*EXERCISE INSTRUCTIONS*.
In the listing below, locate the line containing "pac-man smoking weed" and the line containing "Decorativo argento elegante". Output both of them and every line between, exactly as written, and nothing more.

MATERIAL SUPPLIED START

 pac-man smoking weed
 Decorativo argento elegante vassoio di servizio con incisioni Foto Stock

MATERIAL SUPPLIED END
MATERIAL SUPPLIED START

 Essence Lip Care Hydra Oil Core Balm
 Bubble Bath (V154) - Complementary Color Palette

MATERIAL SUPPLIED END
MATERIAL SUPPLIED START

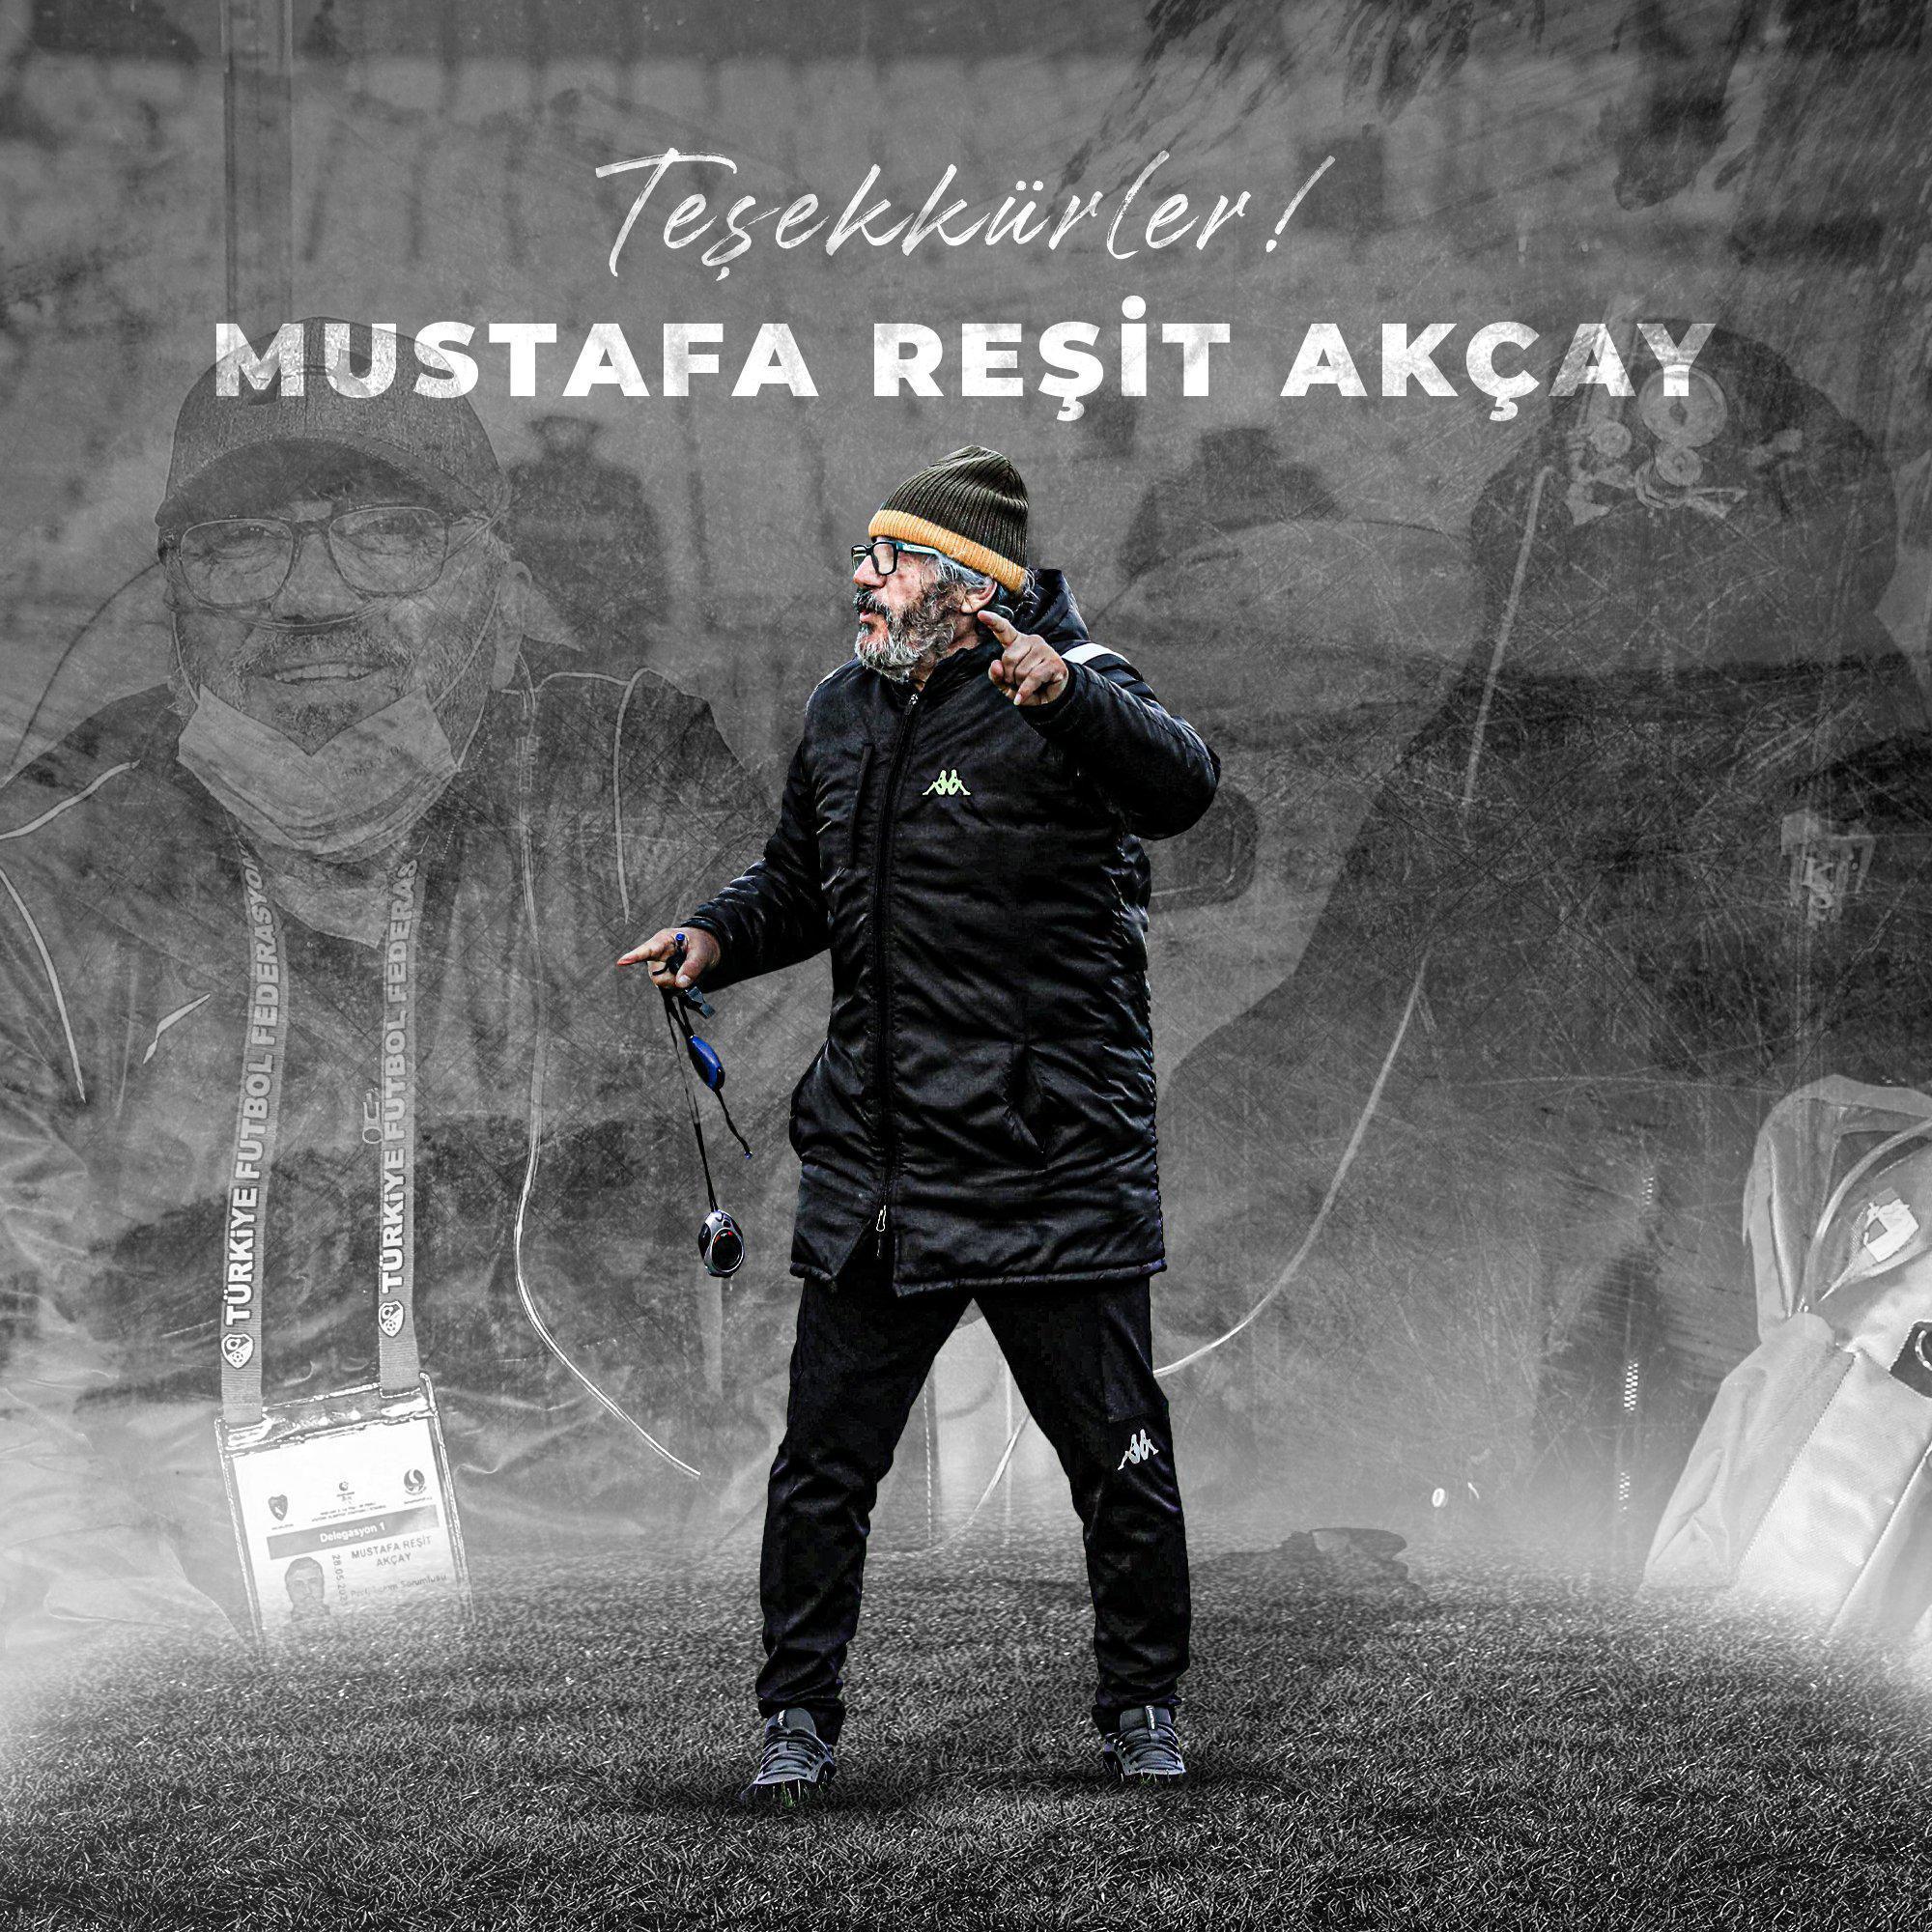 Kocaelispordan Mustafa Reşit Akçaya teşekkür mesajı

MATERIAL SUPPLIED END

*RESULT OF THE EXERCISE*.
 pac-man smoking weed
 Decorativo argento elegante vassoio di servizio con incisioni Foto Stock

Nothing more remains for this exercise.